El tejedor ejecuta su trabajo con el mayor esmero, sirviéndose del telar y los utensilios necesarios, pero haciéndolo todo á mano, pues ninguna máquina podría ejecutar los admirables caprichos de la moda, los bordados, los dibujos y matices finísimos que las sederías requieren cuando no son estampadas. De ahí proceden la exquisita superioridad y belleza y el alto precio y limitada cantidad de las sederías de Lyon, las mejores del mundo en su género.

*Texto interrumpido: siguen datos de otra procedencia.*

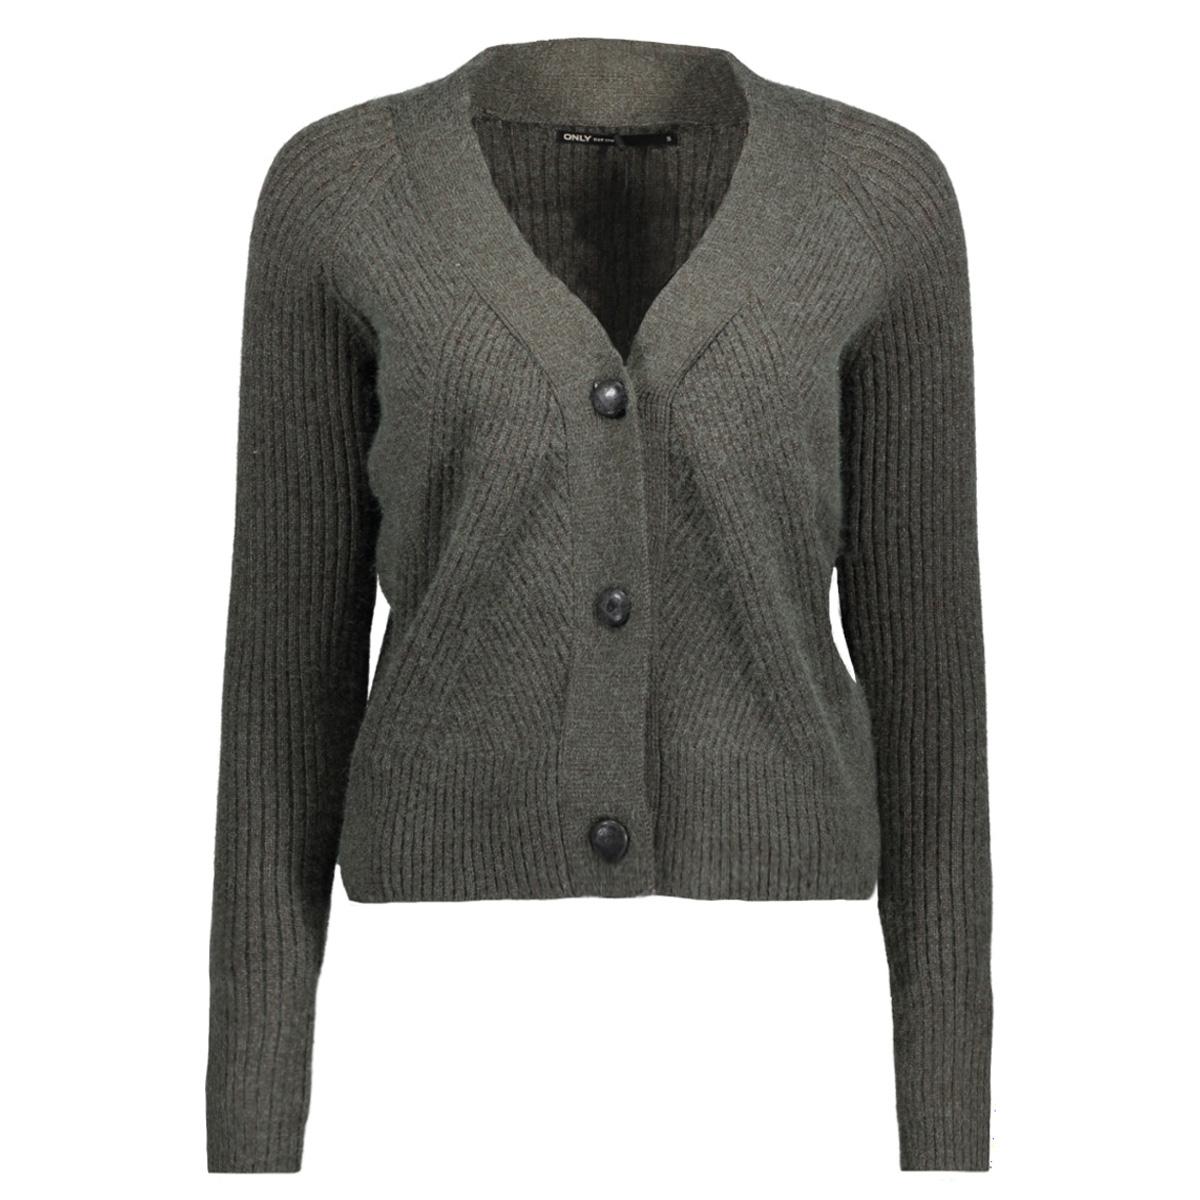 onlsmilla l/s button cardigan knt 15140086 only vest peat/w melange

Pero de esa organizacion libre, espontánea y especialísima del trabajo, resultan al mismo tiempo muy importantes consecuencias económicas y morales que me llamaron la atencion. Desde luego, el primer resultado es la independencia del obrero, el cual, no siendo esclavo de la fábrica, no está sujeto á recibir la ley del capitalista. La competencia sostenida entre ochocientas fábricas pequeñas y muchos empresarios que contratan con ellas, evita los vicios que resultarían de la aglomeracion de produccion en pocas fábricas de grandes proporciones; conjura los efectos generales de las quiebras y crísis; da por base al trabajo la libertad, y establece de un modo regular el valor del producto.

Vése al mismo tiempo que el obrero trabaja con mas interes y estímulo, que economiza la materia prima, aprovecha mas tiempo, trabajando en su domicilio, tiene ménos ocasiones de vicio y por tanto mas moralidad, se siente con la conciencia de su personalidad independiente, y está á cubierto, en lo general, de esas funestas colisiones que tienen lugar á menudo en las grandes fábricas donde trabajan centenares ó millares de obreros Por desgracia, no todas las producciones se prestan á esa feliz organizacion, pues en casi todas las demas las máquinas desempeñan admirablemente la labor del hombre, ó los trabajos son esencialmente colectivos.